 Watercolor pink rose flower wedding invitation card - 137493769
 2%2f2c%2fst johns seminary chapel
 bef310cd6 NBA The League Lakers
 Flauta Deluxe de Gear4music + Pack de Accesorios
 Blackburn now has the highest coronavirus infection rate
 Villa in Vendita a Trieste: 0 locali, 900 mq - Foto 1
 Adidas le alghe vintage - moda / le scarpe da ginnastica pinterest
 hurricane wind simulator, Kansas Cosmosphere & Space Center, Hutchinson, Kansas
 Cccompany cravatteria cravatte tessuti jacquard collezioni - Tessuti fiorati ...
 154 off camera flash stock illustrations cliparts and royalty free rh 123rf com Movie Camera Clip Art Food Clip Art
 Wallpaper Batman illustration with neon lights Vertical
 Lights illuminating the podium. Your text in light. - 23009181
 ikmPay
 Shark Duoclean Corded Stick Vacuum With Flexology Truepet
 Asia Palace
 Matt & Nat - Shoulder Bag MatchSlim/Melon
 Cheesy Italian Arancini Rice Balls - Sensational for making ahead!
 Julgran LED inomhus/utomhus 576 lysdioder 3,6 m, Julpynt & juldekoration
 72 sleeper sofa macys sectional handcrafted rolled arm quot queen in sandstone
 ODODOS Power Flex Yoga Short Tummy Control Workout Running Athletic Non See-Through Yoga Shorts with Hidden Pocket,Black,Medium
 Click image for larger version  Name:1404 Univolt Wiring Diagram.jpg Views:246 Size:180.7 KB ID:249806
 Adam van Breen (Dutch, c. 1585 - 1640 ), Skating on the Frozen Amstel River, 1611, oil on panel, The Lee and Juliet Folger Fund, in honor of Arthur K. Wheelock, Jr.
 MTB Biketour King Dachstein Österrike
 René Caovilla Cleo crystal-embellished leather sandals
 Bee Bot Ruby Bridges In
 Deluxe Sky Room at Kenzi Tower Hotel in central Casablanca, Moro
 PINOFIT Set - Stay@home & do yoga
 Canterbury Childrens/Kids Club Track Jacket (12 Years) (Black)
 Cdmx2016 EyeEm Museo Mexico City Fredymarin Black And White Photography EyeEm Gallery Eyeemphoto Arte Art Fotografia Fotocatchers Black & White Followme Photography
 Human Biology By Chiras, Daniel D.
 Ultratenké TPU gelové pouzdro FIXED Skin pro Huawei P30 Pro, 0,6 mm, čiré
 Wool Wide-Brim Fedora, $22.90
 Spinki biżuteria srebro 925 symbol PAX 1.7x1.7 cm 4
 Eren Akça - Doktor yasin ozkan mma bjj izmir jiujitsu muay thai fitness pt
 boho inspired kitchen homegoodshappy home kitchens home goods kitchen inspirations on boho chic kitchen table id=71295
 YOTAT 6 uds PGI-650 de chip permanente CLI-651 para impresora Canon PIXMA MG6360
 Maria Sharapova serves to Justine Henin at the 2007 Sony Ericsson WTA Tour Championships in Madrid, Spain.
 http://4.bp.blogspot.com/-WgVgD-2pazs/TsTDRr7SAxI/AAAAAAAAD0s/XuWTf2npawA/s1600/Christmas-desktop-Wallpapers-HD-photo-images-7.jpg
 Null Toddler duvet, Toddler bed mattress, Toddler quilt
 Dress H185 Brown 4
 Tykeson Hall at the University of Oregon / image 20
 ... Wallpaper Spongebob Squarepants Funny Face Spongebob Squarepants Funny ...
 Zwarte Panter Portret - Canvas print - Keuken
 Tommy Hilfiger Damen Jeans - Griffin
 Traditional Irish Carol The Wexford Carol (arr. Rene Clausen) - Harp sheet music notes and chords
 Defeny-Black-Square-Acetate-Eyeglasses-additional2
━━━━━━
[PROBLEM REQUIREMENTS]
Print out all the entries above exactly.

[EXERCISE OUTPUT]
 Watercolor pink rose flower wedding invitation card - 137493769
 2%2f2c%2fst johns seminary chapel
 bef310cd6 NBA The League Lakers
 Flauta Deluxe de Gear4music + Pack de Accesorios
 Blackburn now has the highest coronavirus infection rate
 Villa in Vendita a Trieste: 0 locali, 900 mq - Foto 1
 Adidas le alghe vintage - moda / le scarpe da ginnastica pinterest
 hurricane wind simulator, Kansas Cosmosphere & Space Center, Hutchinson, Kansas
 Cccompany cravatteria cravatte tessuti jacquard collezioni - Tessuti fiorati ...
 154 off camera flash stock illustrations cliparts and royalty free rh 123rf com Movie Camera Clip Art Food Clip Art
 Wallpaper Batman illustration with neon lights Vertical
 Lights illuminating the podium. Your text in light. - 23009181
 ikmPay
 Shark Duoclean Corded Stick Vacuum With Flexology Truepet
 Asia Palace
 Matt & Nat - Shoulder Bag MatchSlim/Melon
 Cheesy Italian Arancini Rice Balls - Sensational for making ahead!
 Julgran LED inomhus/utomhus 576 lysdioder 3,6 m, Julpynt & juldekoration
 72 sleeper sofa macys sectional handcrafted rolled arm quot queen in sandstone
 ODODOS Power Flex Yoga Short Tummy Control Workout Running Athletic Non See-Through Yoga Shorts with Hidden Pocket,Black,Medium
 Click image for larger version  Name:1404 Univolt Wiring Diagram.jpg Views:246 Size:180.7 KB ID:249806
 Adam van Breen (Dutch, c. 1585 - 1640 ), Skating on the Frozen Amstel River, 1611, oil on panel, The Lee and Juliet Folger Fund, in honor of Arthur K. Wheelock, Jr.
 MTB Biketour King Dachstein Österrike
 René Caovilla Cleo crystal-embellished leather sandals
 Bee Bot Ruby Bridges In
 Deluxe Sky Room at Kenzi Tower Hotel in central Casablanca, Moro
 PINOFIT Set - Stay@home & do yoga
 Canterbury Childrens/Kids Club Track Jacket (12 Years) (Black)
 Cdmx2016 EyeEm Museo Mexico City Fredymarin Black And White Photography EyeEm Gallery Eyeemphoto Arte Art Fotografia Fotocatchers Black & White Followme Photography
 Human Biology By Chiras, Daniel D.
 Ultratenké TPU gelové pouzdro FIXED Skin pro Huawei P30 Pro, 0,6 mm, čiré
 Wool Wide-Brim Fedora, $22.90
 Spinki biżuteria srebro 925 symbol PAX 1.7x1.7 cm 4
 Eren Akça - Doktor yasin ozkan mma bjj izmir jiujitsu muay thai fitness pt
 boho inspired kitchen homegoodshappy home kitchens home goods kitchen inspirations on boho chic kitchen table id=71295
 YOTAT 6 uds PGI-650 de chip permanente CLI-651 para impresora Canon PIXMA MG6360
 Maria Sharapova serves to Justine Henin at the 2007 Sony Ericsson WTA Tour Championships in Madrid, Spain.
 http://4.bp.blogspot.com/-WgVgD-2pazs/TsTDRr7SAxI/AAAAAAAAD0s/XuWTf2npawA/s1600/Christmas-desktop-Wallpapers-HD-photo-images-7.jpg
 Null Toddler duvet, Toddler bed mattress, Toddler quilt
 Dress H185 Brown 4
 Tykeson Hall at the University of Oregon / image 20
 ... Wallpaper Spongebob Squarepants Funny Face Spongebob Squarepants Funny ...
 Zwarte Panter Portret - Canvas print - Keuken
 Tommy Hilfiger Damen Jeans - Griffin
 Traditional Irish Carol The Wexford Carol (arr. Rene Clausen) - Harp sheet music notes and chords
 Defeny-Black-Square-Acetate-Eyeglasses-additional2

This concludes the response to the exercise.